Friday, November 21, 2008

TIPS Strips, Redux - Seeking Alpha

SeekingAlpha has an interesting "interview" with a Barclay's expert (Mike Pond) on Treasury Inflation Protected securities. It covers many topics (from deflation to why TIPS Strips never caught on. Two things for class perspective that my students should definitely be aware of is the relationship between reinvestment rate risk and duration and the impact of liquidity on returns (and why if you are a long term investor, you may want to hold an illiquid security).

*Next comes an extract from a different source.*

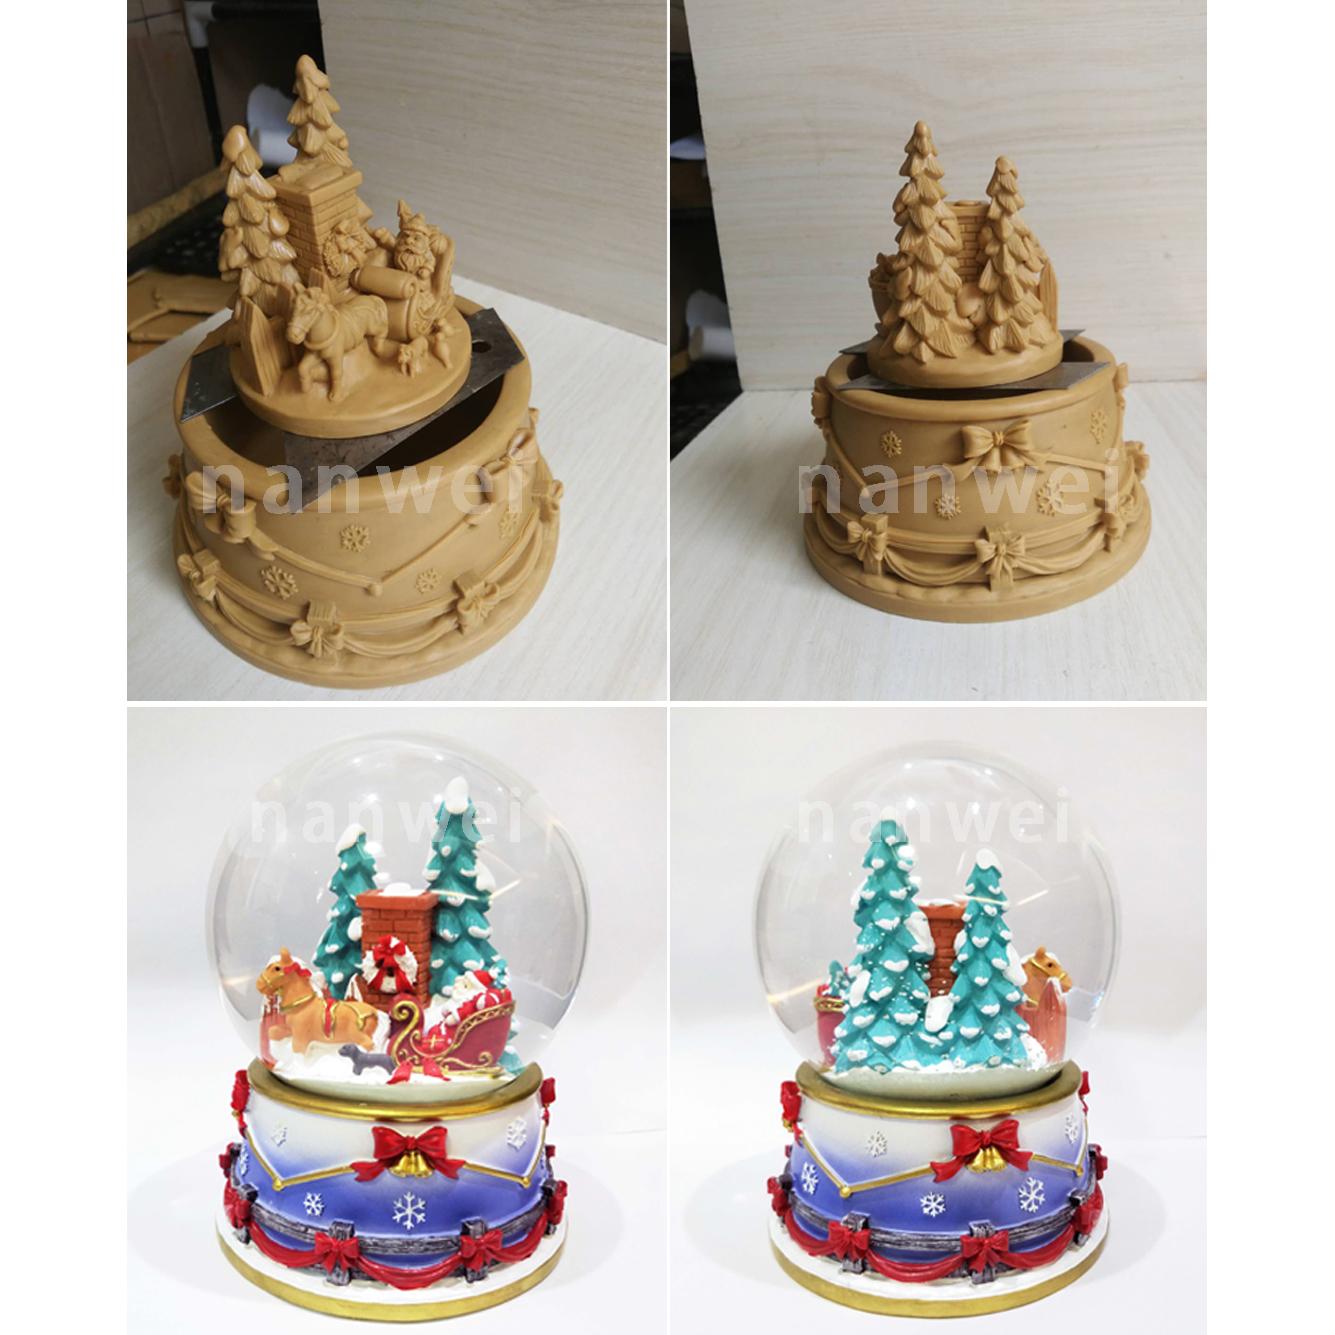 Hot Sale Nanwei Resin Custom Made Christmas Snow Globe with Music

TIPS Strips, Redux - Seeking Alpha:
"TIPS are what Pond calls 'very backended': Their coupon is low, relative to the principal amount, and it's the big final principal payment which provides a large chunk of their total yield. So the reinvestment risk on TIPS is already lower than it is on most bonds....[currently] real yields on TIPS are ridiculously high. You'd be better off buying TIPS all the way out to 8 or 9 years than you would be buying Treasury bonds, just so long as inflation is greater than zero. And the higher that inflation gets, of course, the better off you'll be in TIPS.

Do investors really believe that the US will see deflation over most of the coming decade? Probably not: .... TIPS are much less liquid than Treasuries, and therefore trade at a significantly higher yield, despite the fact that their credit risk is identical."